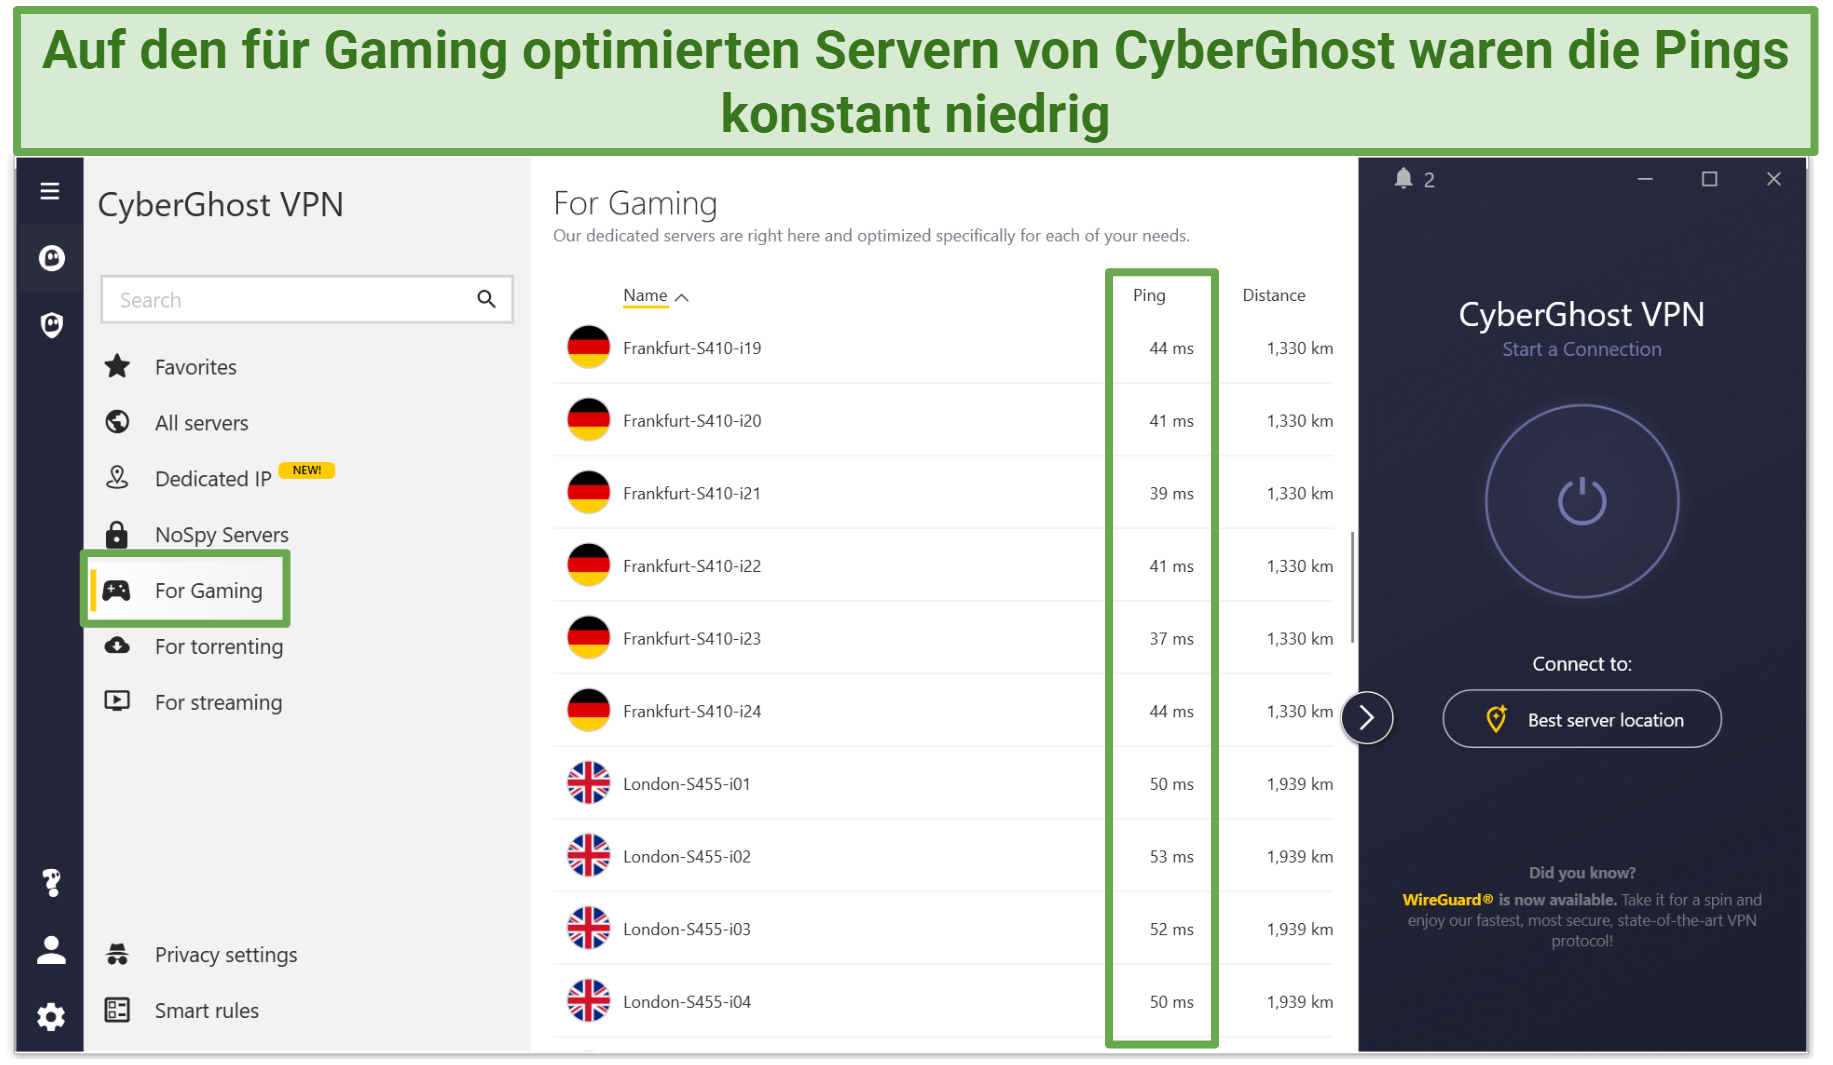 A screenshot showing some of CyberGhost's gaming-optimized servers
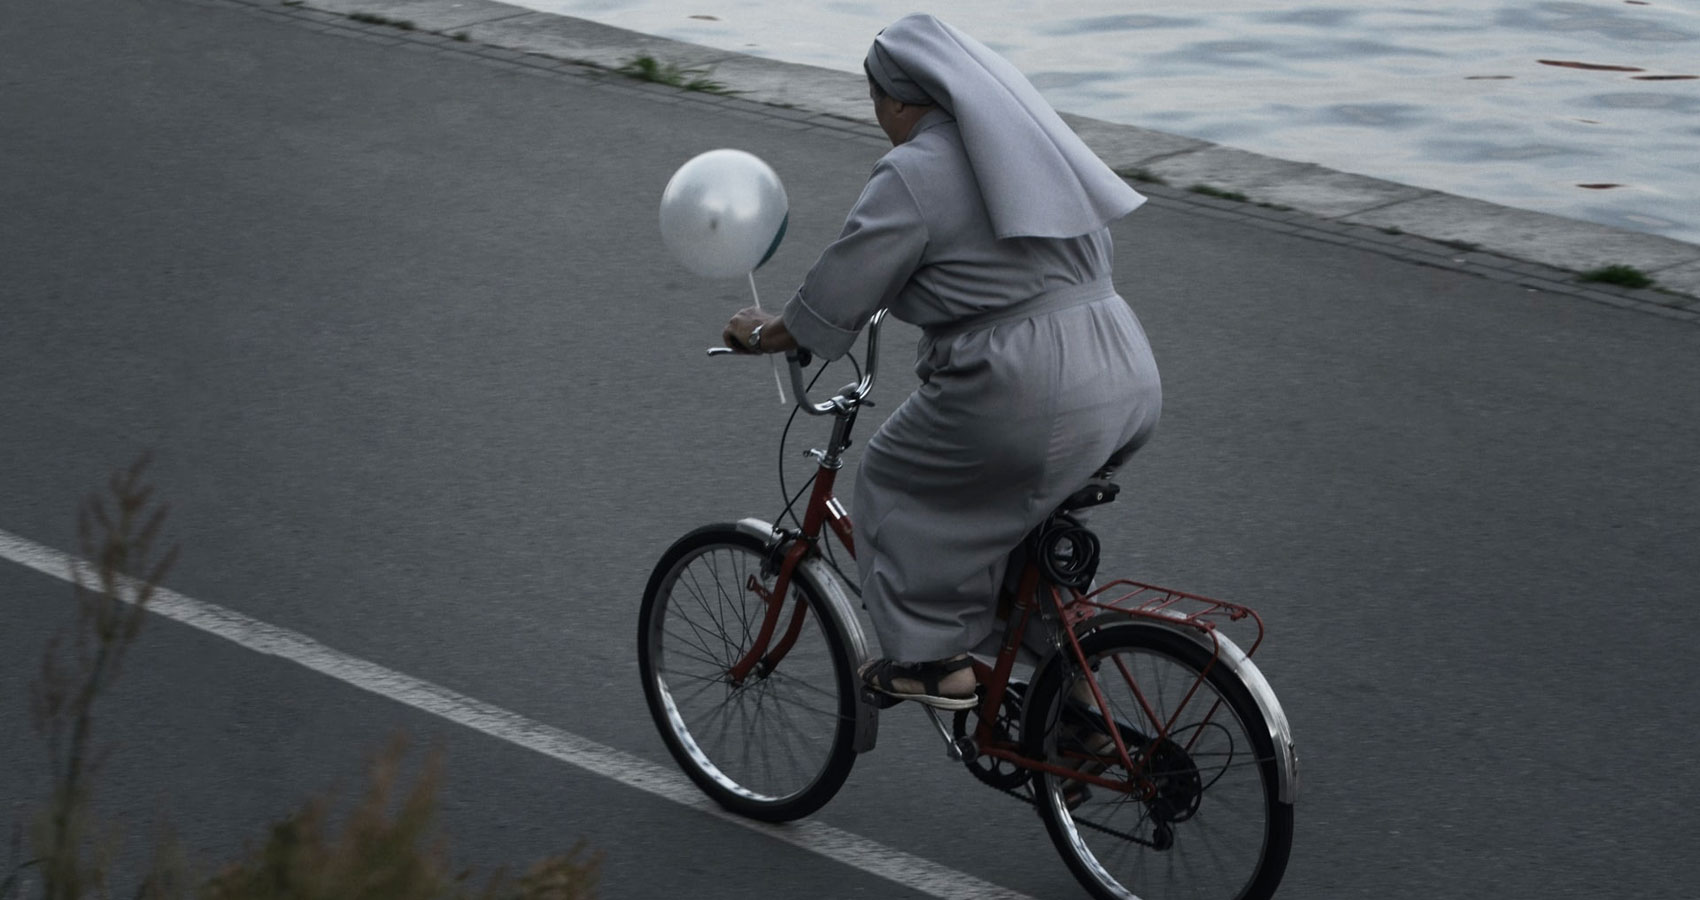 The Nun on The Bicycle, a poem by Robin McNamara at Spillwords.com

####

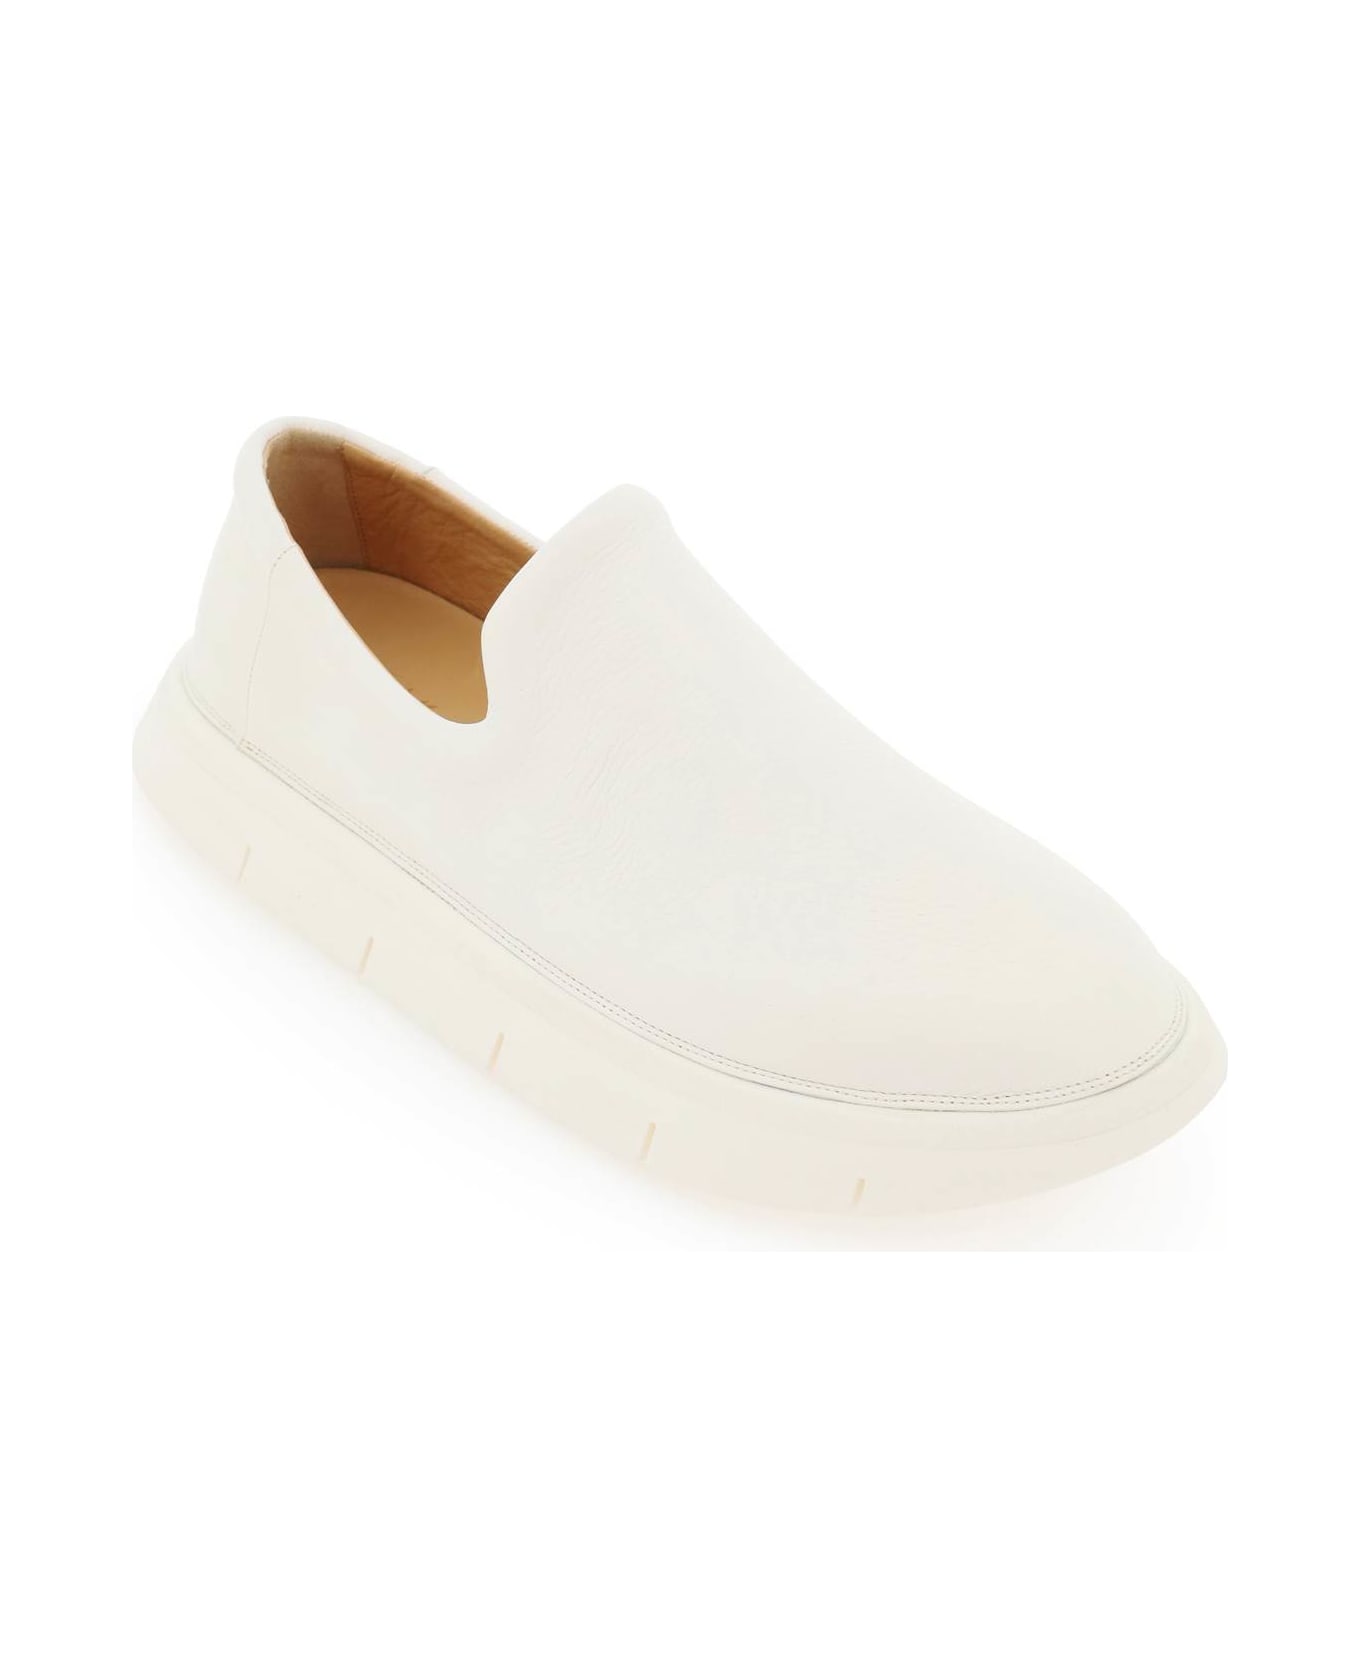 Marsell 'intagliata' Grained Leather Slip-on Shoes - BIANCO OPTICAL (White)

####

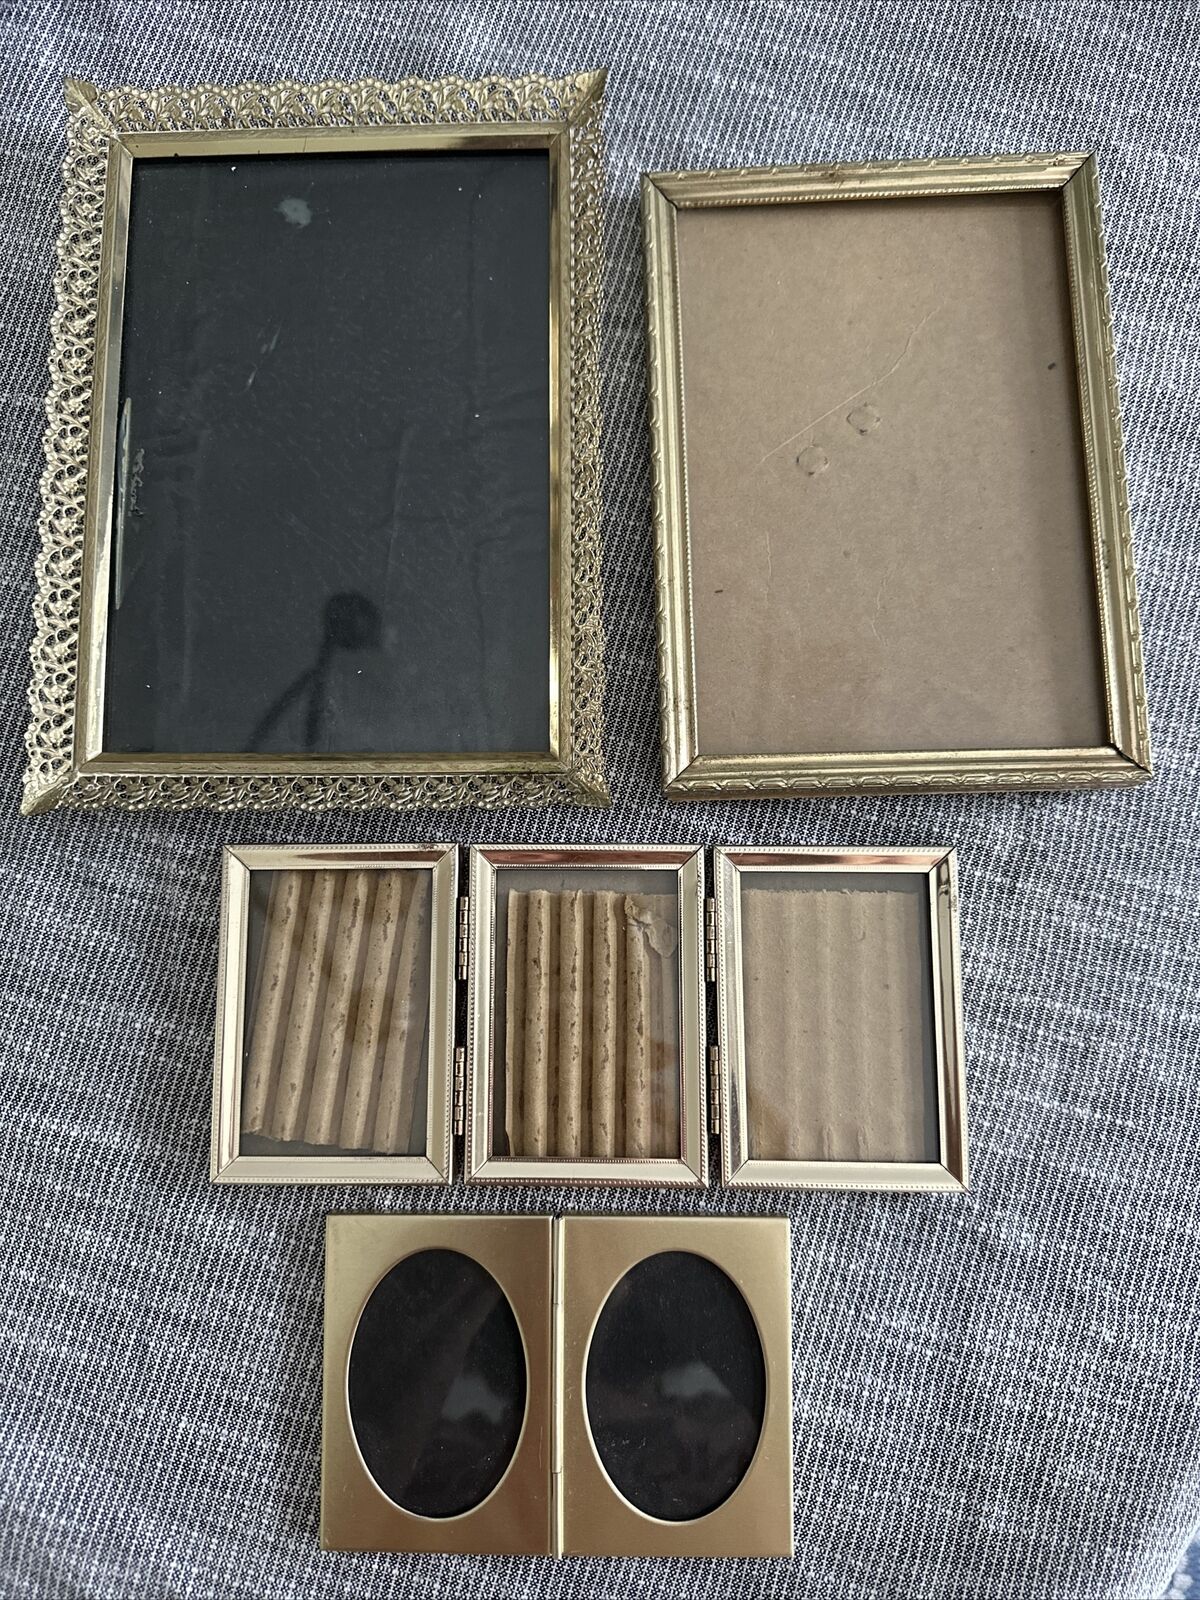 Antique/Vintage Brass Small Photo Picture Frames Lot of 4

####

* [What to work on]
Only the lines above starting with the line with "A screenshot showing" and going on through the line with "The Nun on The" belong in the answer; repeat them exactly, minus any picture.

* [Reply to the exercise]
 A screenshot showing some of CyberGhost's gaming-optimized servers
 The Nun on The Bicycle, a poem by Robin McNamara at Spillwords.com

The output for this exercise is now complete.